Sharing the 3G connection to the ethernet and then plugging in an AEBS' wan port into my MacBook's ethernet also worked however only when the AEBS is in bridge mode. Since the MacBook handles the IP's you are still limited to the number of users (to ten I beleive). So, bringing in an AEBS doesn't help unless you can directly tether the iPhone to your router. 

Thanks Chas_m. I didn't think my phone was acting as a router, rather I thought of it more like a modem. I thought it might have been Rogers gear giving me the IP. If it's a router then would it support multiple users via BT and USB? 

Thanks to everyone for the help!


----------



## Siebel (Aug 18, 2005)

*Cradlepoint*

This is another way to use it your iPhone with an Airport.

Just plug your iPhone into the CBA250 and use the Ethernet port to plug it into your airport.

CBA250 Cellular Broadband Adapter | Cradlepoint Technology

At my cottage, I use this config with a Bell ExpressCard and it's working fine. I can share an internet connection with my 2 iPhone, an iPod touch and 2 MacBook. I use Skype to make and receive calls.

Using the USB connection, it should work.

As soon as my iPhone wireless signal is working at my cottage (with Bell or Telus), I will remove the Bell's ExpressCard and use an iPhone unless the monthly price for tethering is higher than Bell package.


----------



## fbartolom (Apr 1, 2010)

*Time capsule as hub with no wire*

Hullo,

I have a peculiar problem in my apartment. First thing off, ADSL does not reach my area, altough it belongs to Rome, the ethernal city... In my home I have a Mac book, a time capsule, an AppleTv, an iPhone3GS and a Satellite Receiver IPBOX9000.

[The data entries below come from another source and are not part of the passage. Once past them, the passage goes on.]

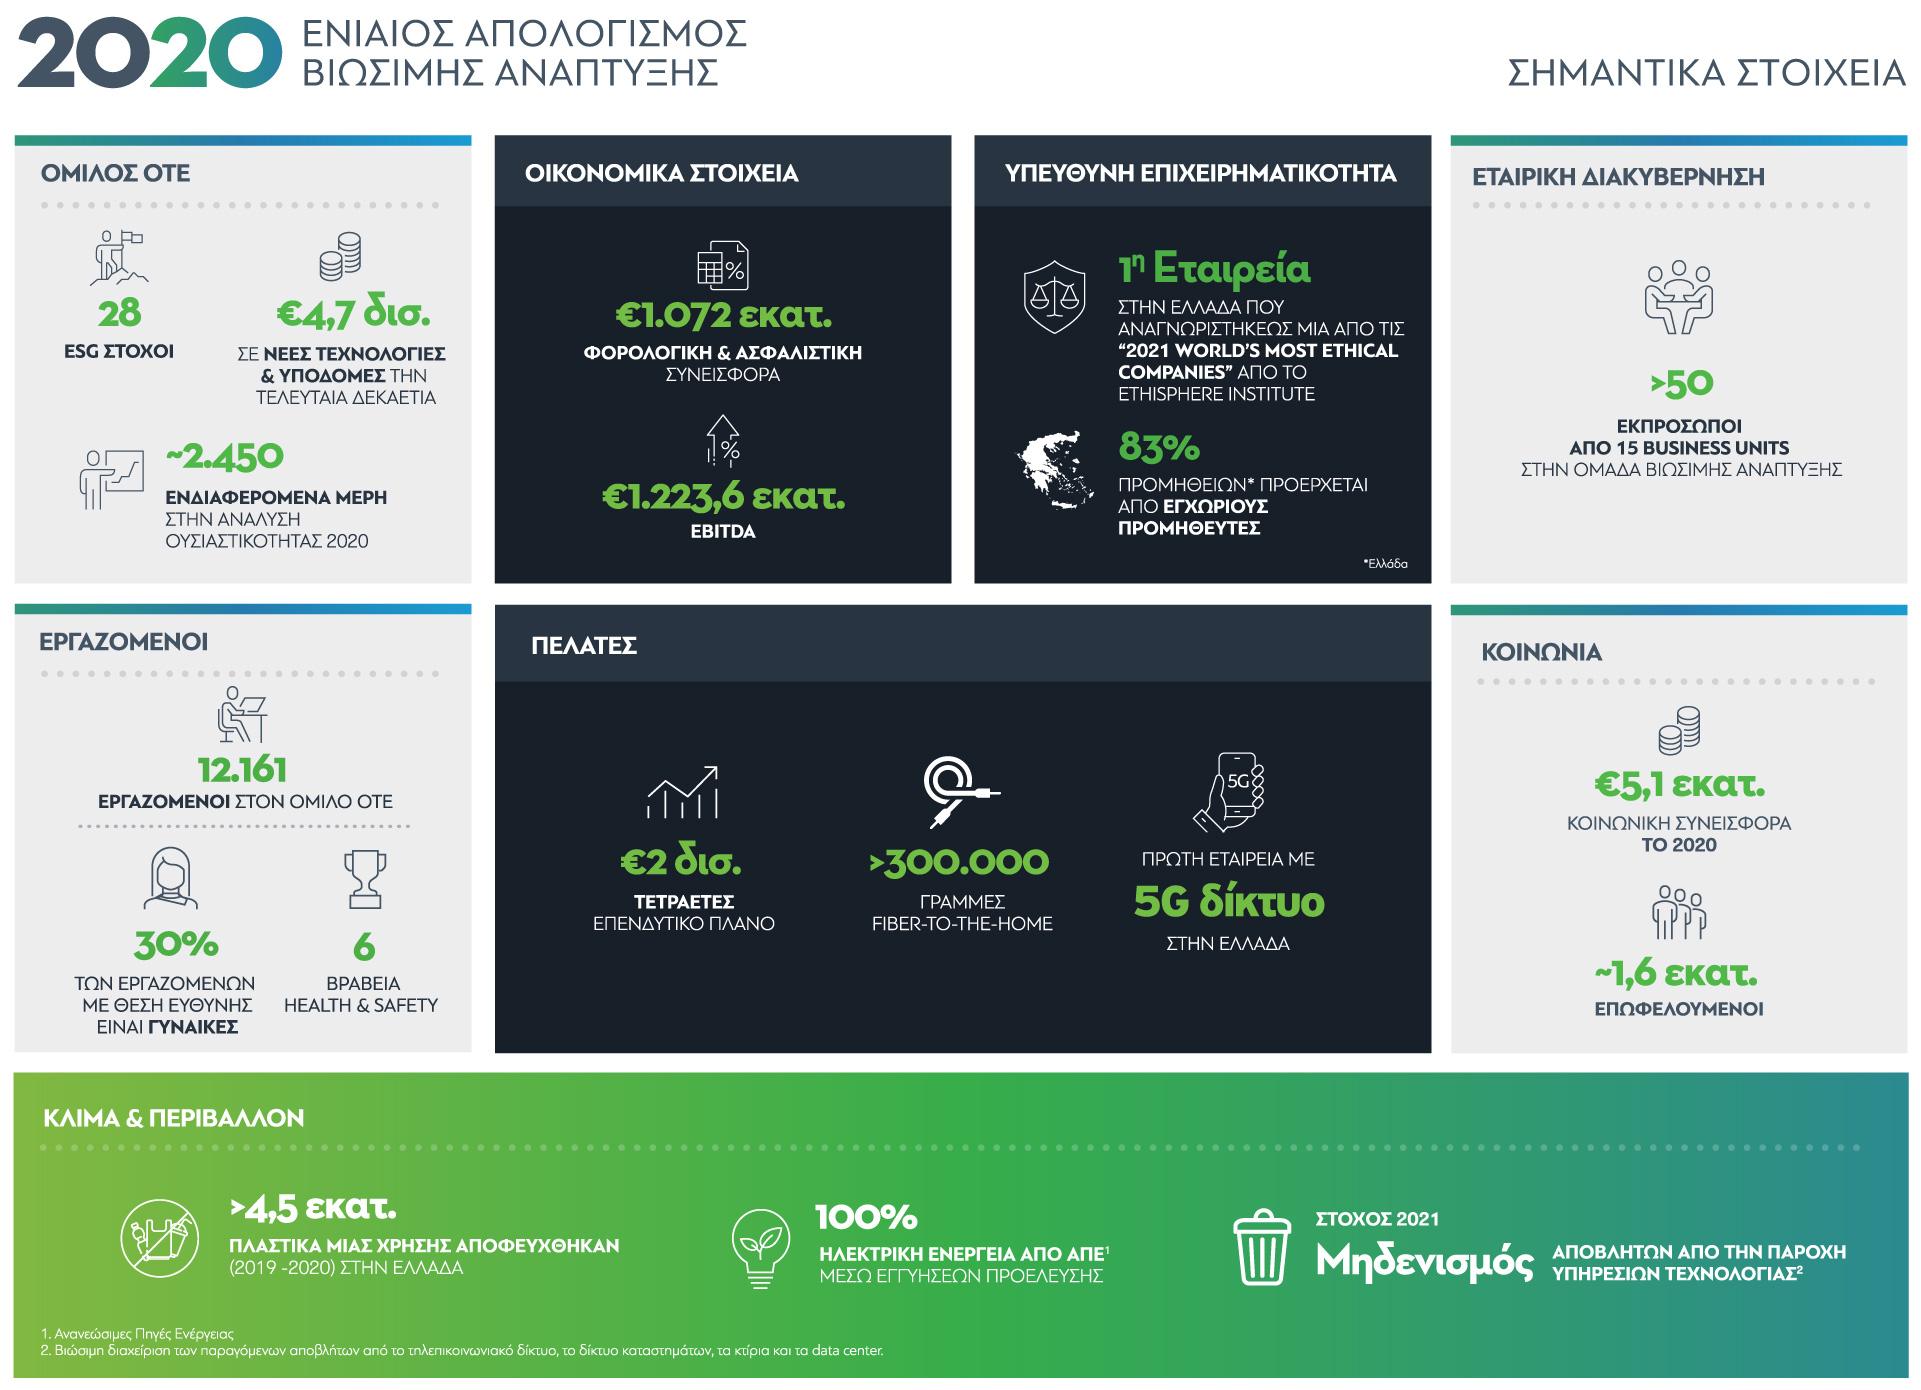 OTE Group 2020 IntegratedReport infographic gr
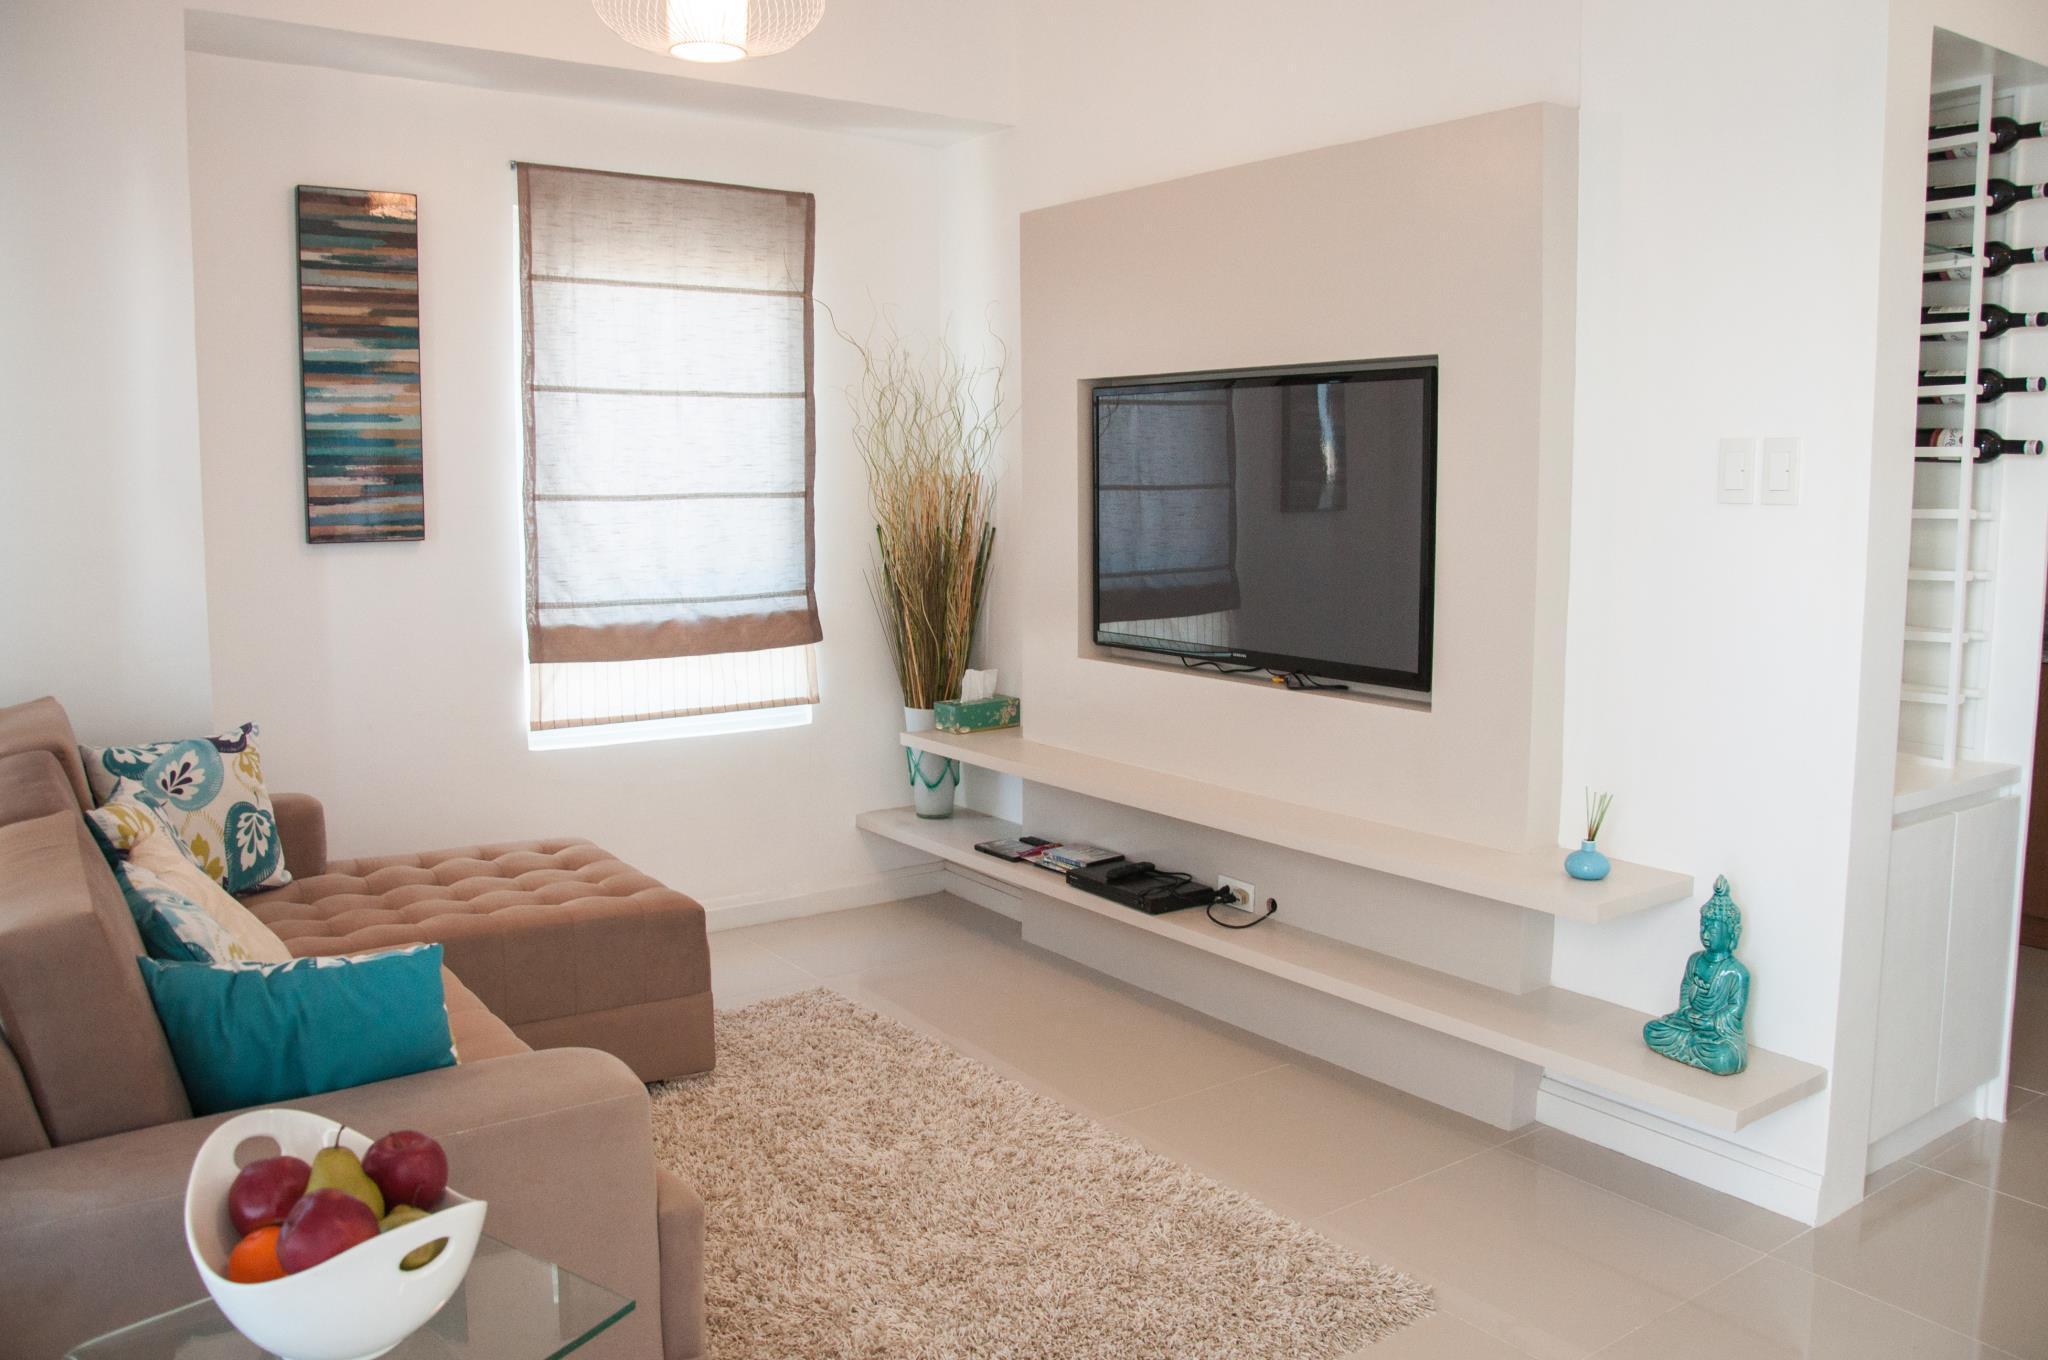 Mactan Island Luxury 1 Bedroom Apartment A
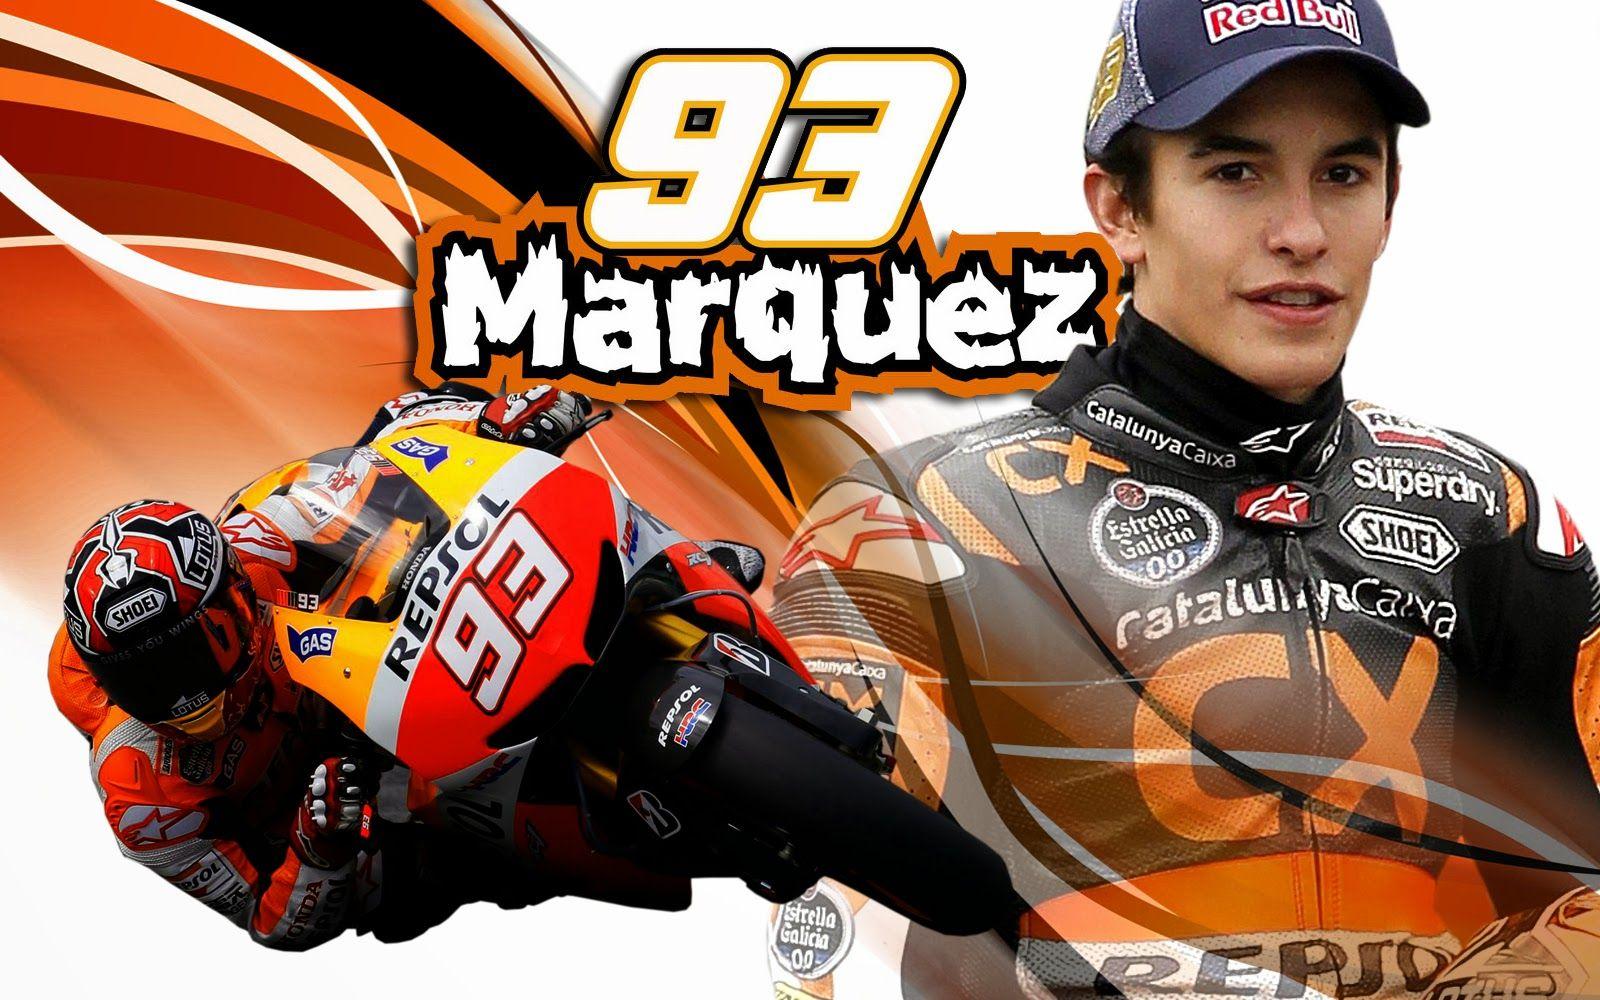 MotoGP Marc Marquez Wallpaper MotoGP Pinterest Marc Marquez

My desire would be to grant internet access to all these devices with a single point of access. Presently I use an internet usb card that I connect to the mac book. Each time I want to connect the AppleTv to the internet I need to disconnect the macbook from the TimeCapsule network and share its internet access, and then move the AppleTv from the TimeCapsule network to the shared one from the macbook; then reverse the operation when I am done otherwise the backup from the TimeCapsule would not work; as for the receiver, lacking it a wireless connection, I found no solution altogether as, by wire, I have frankly no idea what network the MacBook projects, given DHCP does not work.
As you may guess this is quite a pain in the heck. Basically I see a number of possibilities:
1) Configuring the default router of the time capsule to be the MacBook; problem: the ip address of the MacBook is dynamic and allocated by the time capsule itself.
2) Attaching something airwired to the TimeCapsule that so would be in the correct position; problems: I read the iphone tethering may not be used, nor may the usb key be connected to it with success.

Any suggestion?

Thanks,
Fabrizio Bartolomucci


----------